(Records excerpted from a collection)
*** Block opens ***

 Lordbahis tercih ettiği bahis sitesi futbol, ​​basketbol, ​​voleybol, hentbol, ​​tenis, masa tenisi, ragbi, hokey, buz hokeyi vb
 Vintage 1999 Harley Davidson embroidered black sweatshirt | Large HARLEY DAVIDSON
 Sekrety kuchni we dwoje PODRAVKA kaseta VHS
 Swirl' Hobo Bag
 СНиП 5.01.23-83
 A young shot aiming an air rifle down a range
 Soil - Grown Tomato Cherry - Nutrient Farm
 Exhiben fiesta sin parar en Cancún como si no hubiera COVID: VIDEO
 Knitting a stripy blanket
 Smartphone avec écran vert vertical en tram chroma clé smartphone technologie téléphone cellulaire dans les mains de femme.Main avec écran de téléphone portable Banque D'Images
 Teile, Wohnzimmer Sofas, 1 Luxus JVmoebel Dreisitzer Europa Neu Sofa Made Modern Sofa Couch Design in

*** Block closes ***

Give back each record exactly, from the first line through the last.

# [Answer for the task]
 Lordbahis tercih ettiği bahis sitesi futbol, ​​basketbol, ​​voleybol, hentbol, ​​tenis, masa tenisi, ragbi, hokey, buz hokeyi vb
 Vintage 1999 Harley Davidson embroidered black sweatshirt | Large HARLEY DAVIDSON
 Sekrety kuchni we dwoje PODRAVKA kaseta VHS
 Swirl' Hobo Bag
 СНиП 5.01.23-83
 A young shot aiming an air rifle down a range
 Soil - Grown Tomato Cherry - Nutrient Farm
 Exhiben fiesta sin parar en Cancún como si no hubiera COVID: VIDEO
 Knitting a stripy blanket
 Smartphone avec écran vert vertical en tram chroma clé smartphone technologie téléphone cellulaire dans les mains de femme.Main avec écran de téléphone portable Banque D'Images
 Teile, Wohnzimmer Sofas, 1 Luxus JVmoebel Dreisitzer Europa Neu Sofa Made Modern Sofa Couch Design in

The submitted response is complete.